Но единственная ловушка заключалась в том, что африканке удалось внушить канарцу такую неуверенность себе, когда дело касалось этой дурацкой игры, что бедняга слишком сильно волновался и в результате вечно ставил отметину совсем не там, где надо.
Между тем, они продолжали куда-то идти. Унылая степь, поросшая чахлой растительностью, сменялась то небольшими островками сельвы, то жаркой пустыней, усеянной кактусами, то бесчисленными озерами, нередко загрязненными жирным и вонючим «мене», убивающим все живое. Так они почти две недели скитались по окрестностям, озабоченные лишь тем, где бы найти чистую воду, охотясь на попугаев и обезьян, раскапывая кладки черепашьих яиц и мало чем отличаясь от полудюжины оголодавших индейских семей, попавшихся на пути, чьи убогие жилища являли собой лишь ряд жердей, прислоненных к стволу дерева.
Далеко на юге виднелся горный хребет, но воины упорно не желали к нему приближаться. Когда Сьенфуэгос спросил, почему они избегают гор, туземцы дали понять, что хребет занят враждебным племенем, от которого лучше держаться подальше.
— Карибы? — спросил канарец. — Каннибалы?
— Не карибы, — ответили ему. — Не каннибалы. Мотилоны.

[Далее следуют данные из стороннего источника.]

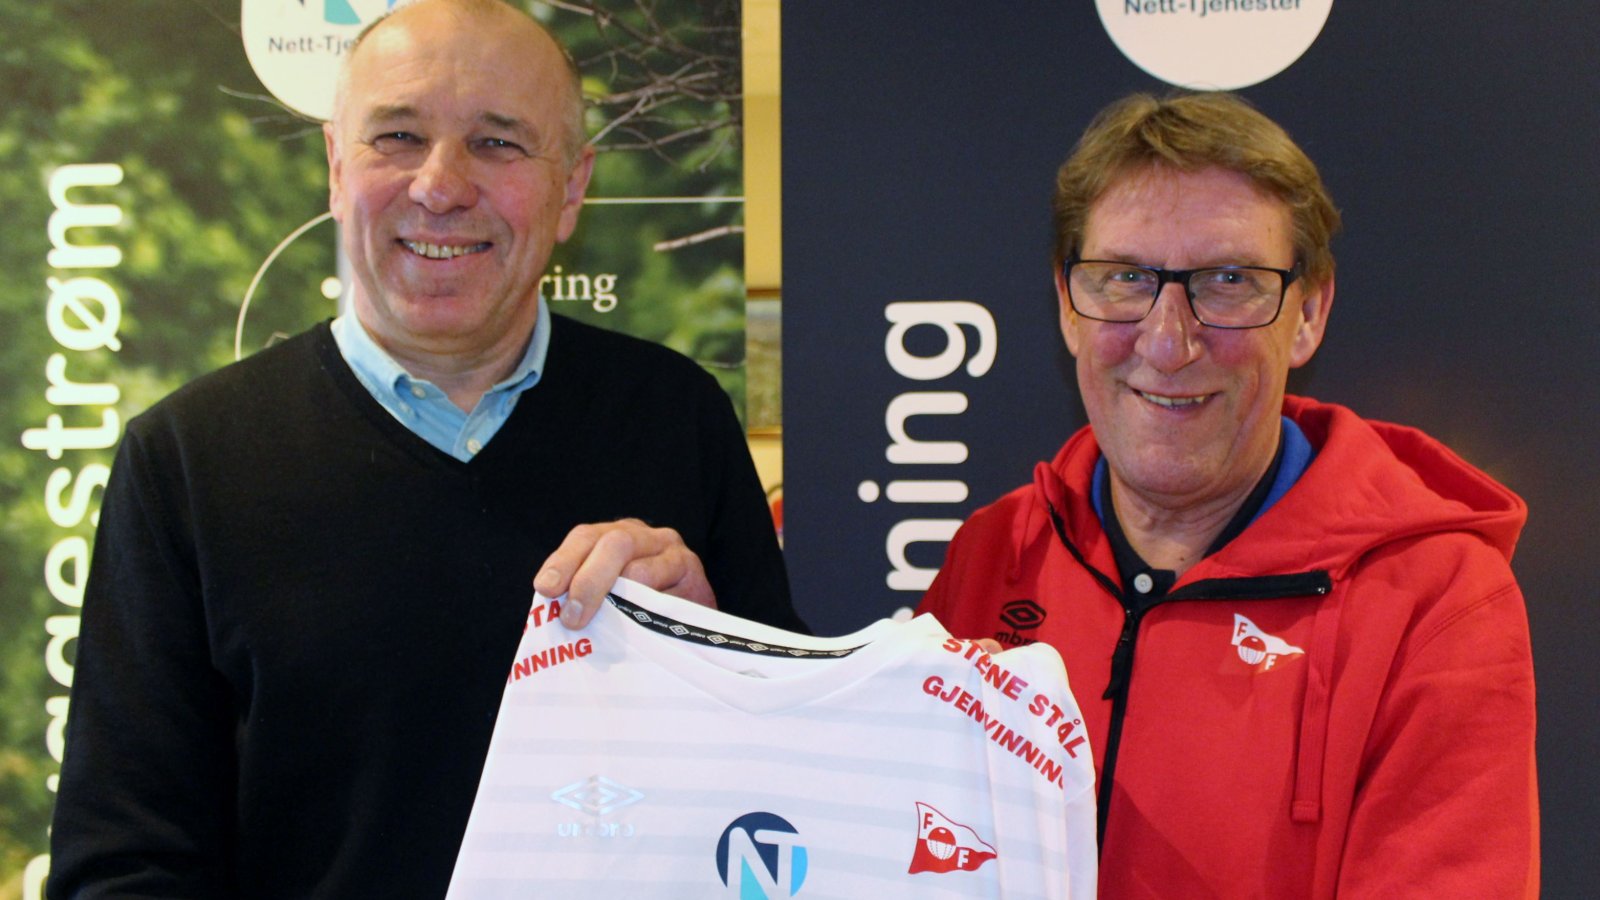 Nett-Tjenester ved Arild Johnsen og FFK ved Robert Nilsson signerte ny avtale for 2017-sesongen.

Мало-помалу Сьенфуэгос начал все лучше разбираться в языке этого отряда молодых воинов и находить общее с определенными формами арауканского или асаванского диалекта, на котором говорили жители Кубы и Гаити. И наконец, он научился их понимать, хотя и с определенными сложностями.

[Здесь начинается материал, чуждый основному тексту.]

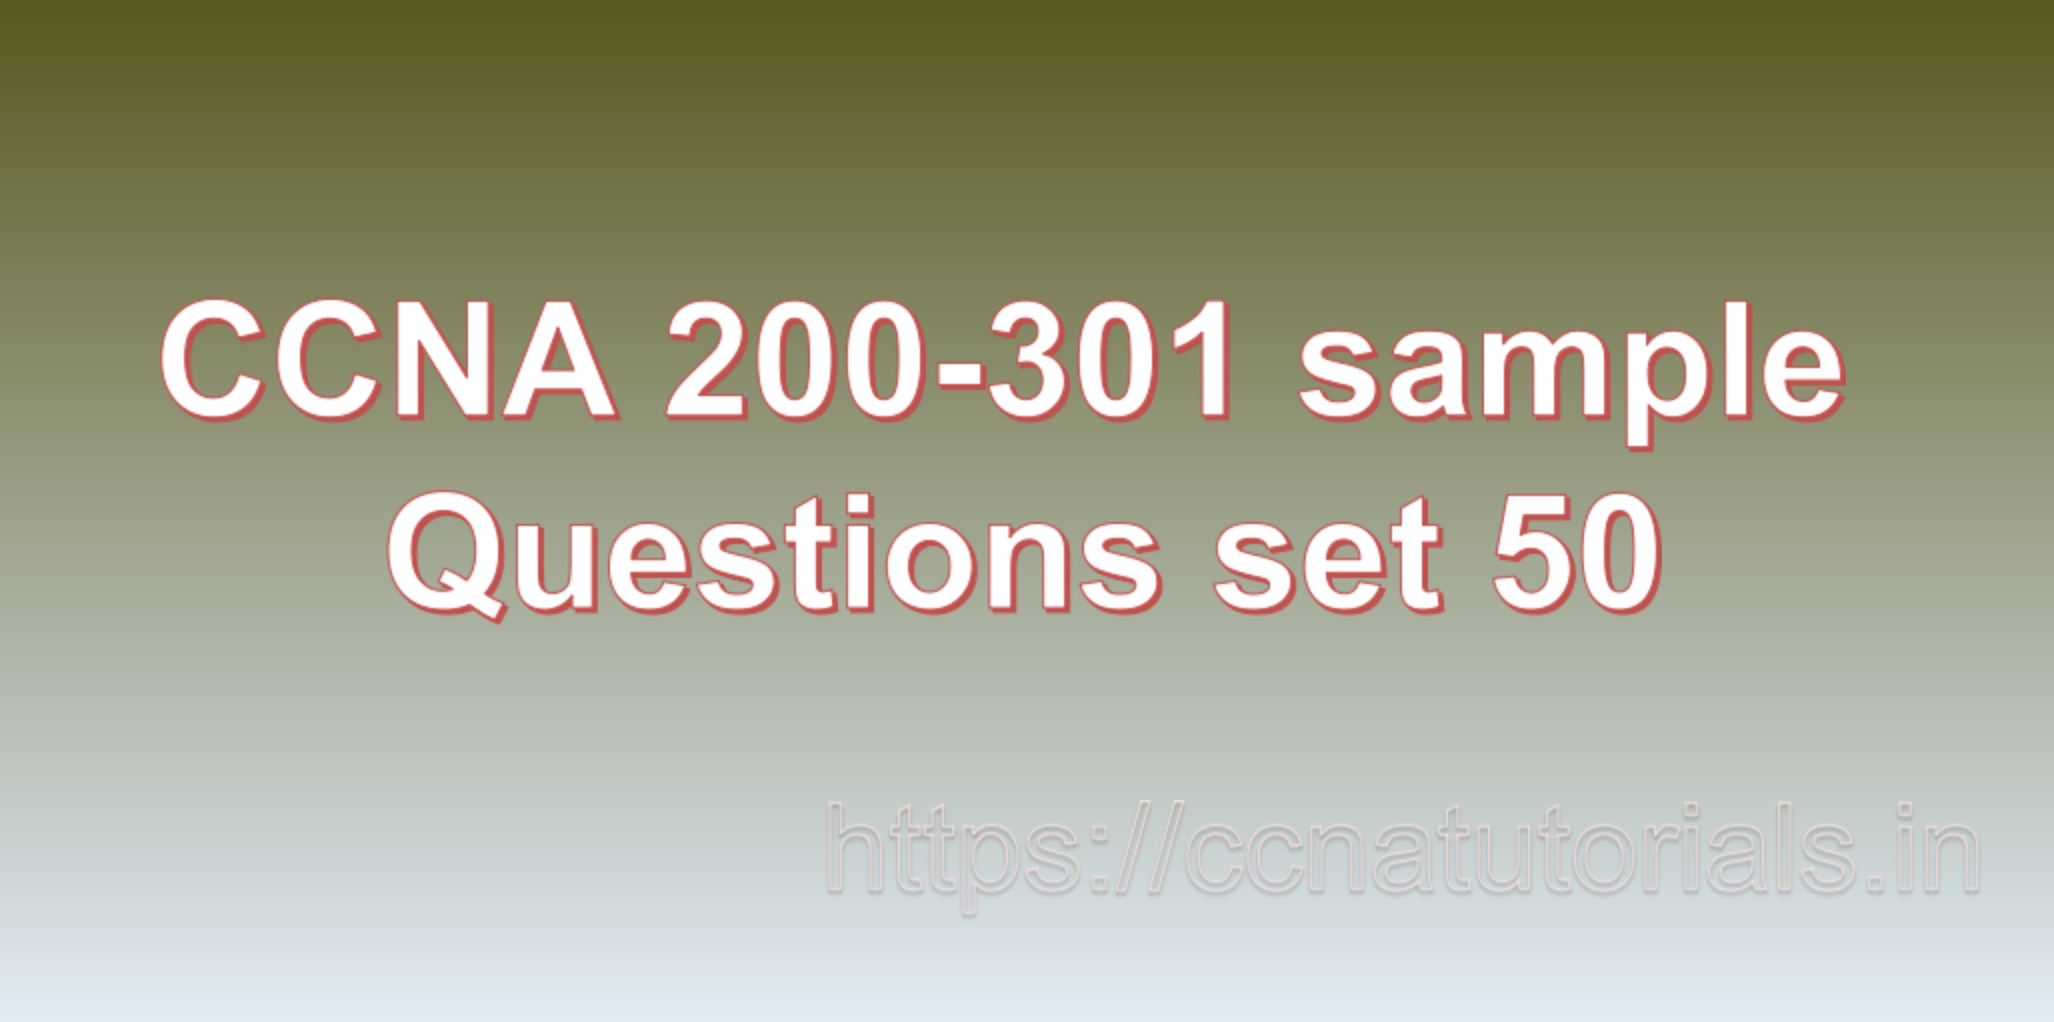 ccna sample questions set 50, ccna tutorials, CCNA Exam, ccna

Между тем, чернокожая Асава-Улуэ-Че-Ганвиэ тоже прилагала весьма похвальные усилия к тому, чтобы выучить язык этих милых людей, причем язык давался девушке с обескураживающей легкостью, словно от этого зависела ее жизнь и будущее.

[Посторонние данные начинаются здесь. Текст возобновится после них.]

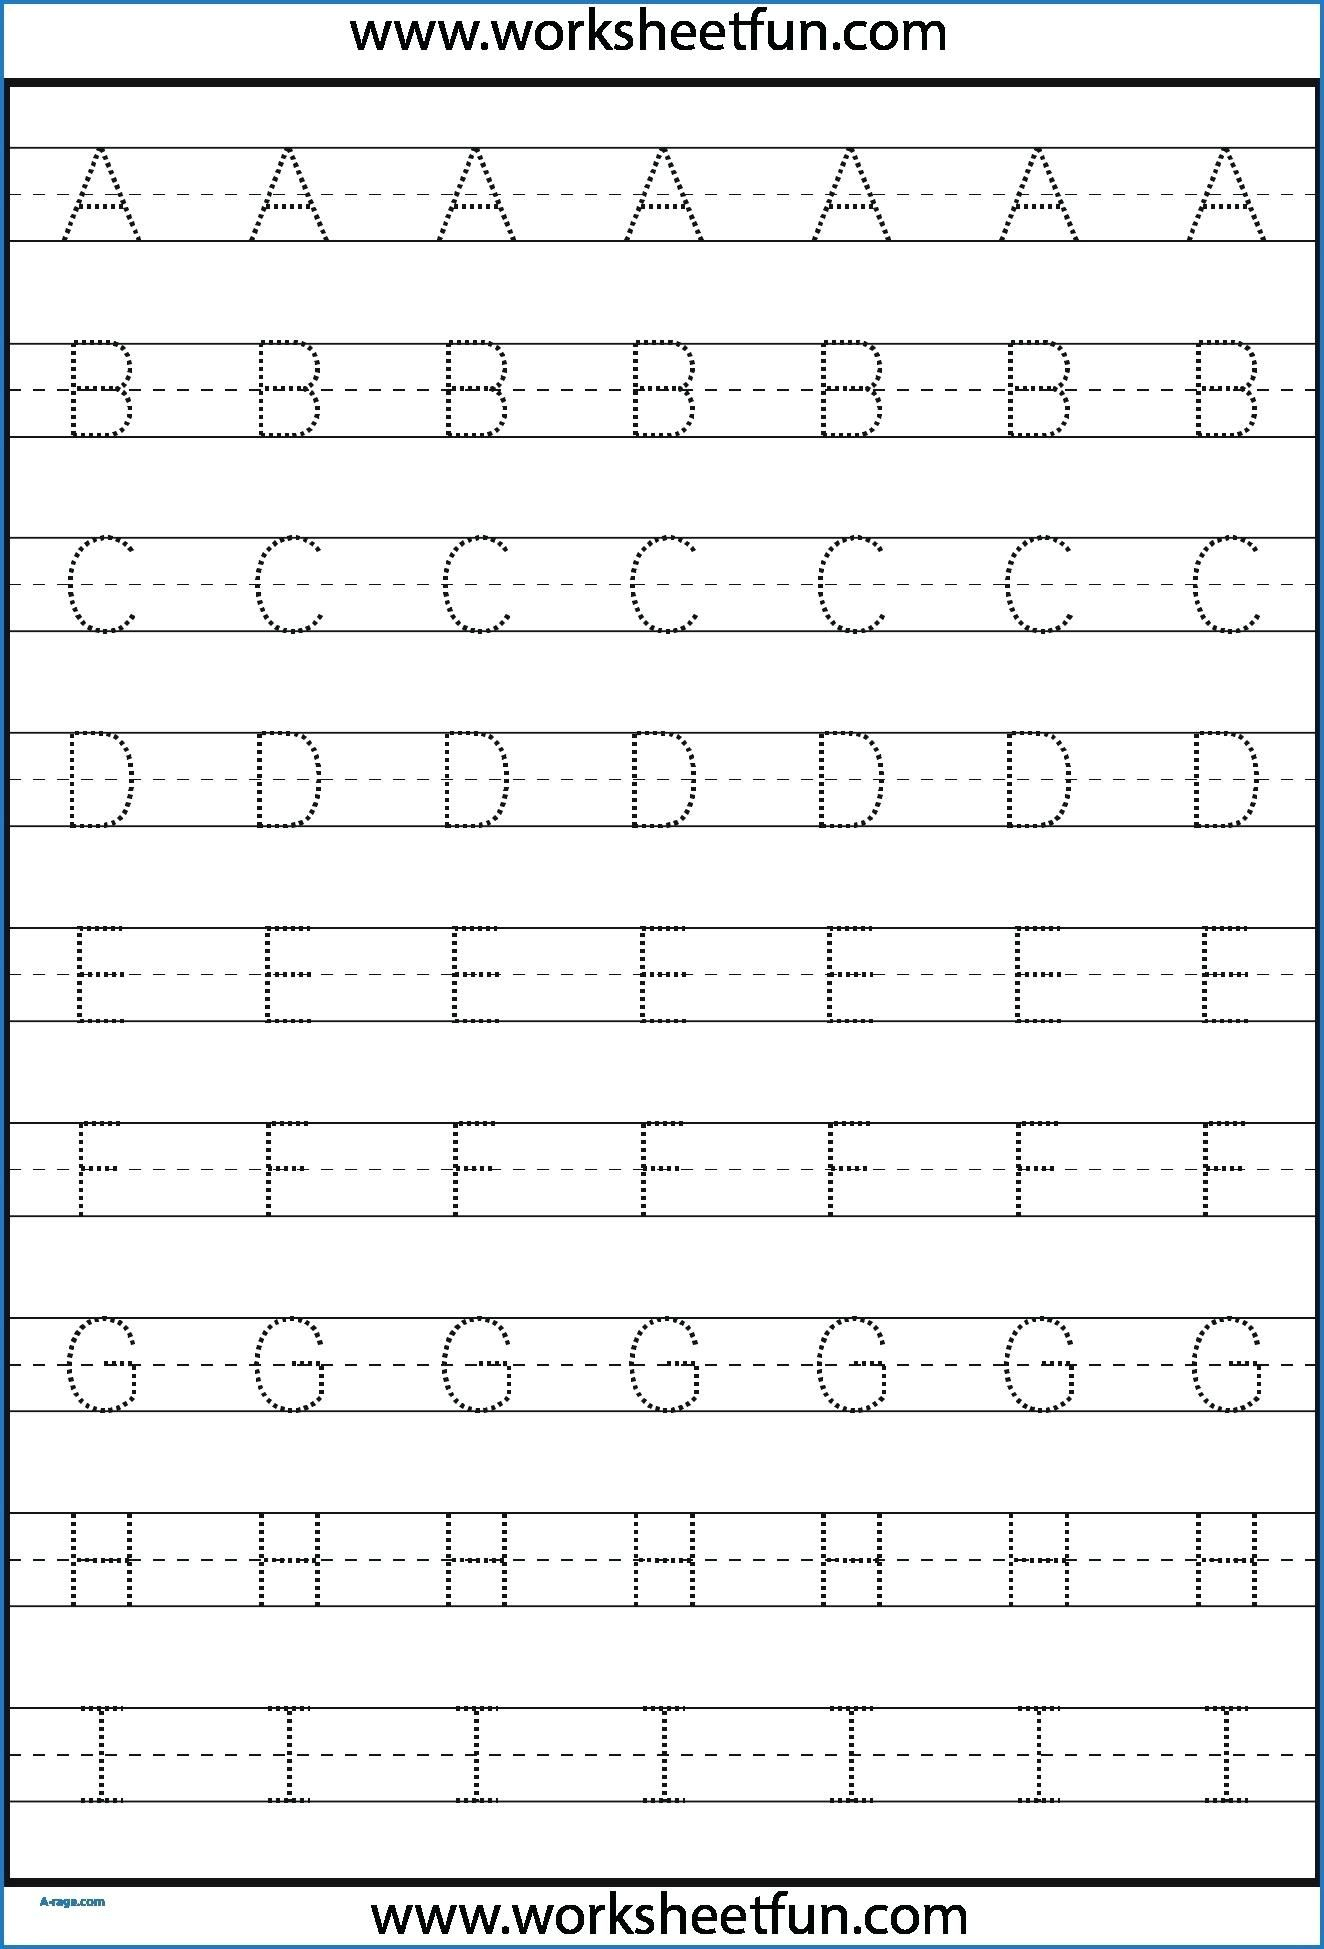 Kindergarten Letter Tracing Worksheets Pdf - Wallpaper Image with Letter Tracing Worksheets For Adults

— В конце концов, — сказала она Сьенфуэгосу как-то на закате, когда они вместе любовались невероятной красотой заходящего солнца, — мой единственный дом — этот тот, где я сплю, а единственная родная земля — та, по которой хожу. Я почти не помню свою родину и мечтаю забыть корабль, где выросла. Здесь мне хорошо, а будет еще лучше, я точно знаю.
— Я скучаю по Гомере.
— Ты скучаешь по своей блондинке, — насмешливо ответила негритянка. — Может, приготовить тебе магический отвар, чтобы ты ее забыл? Твоя жизнь сразу станет спокойней.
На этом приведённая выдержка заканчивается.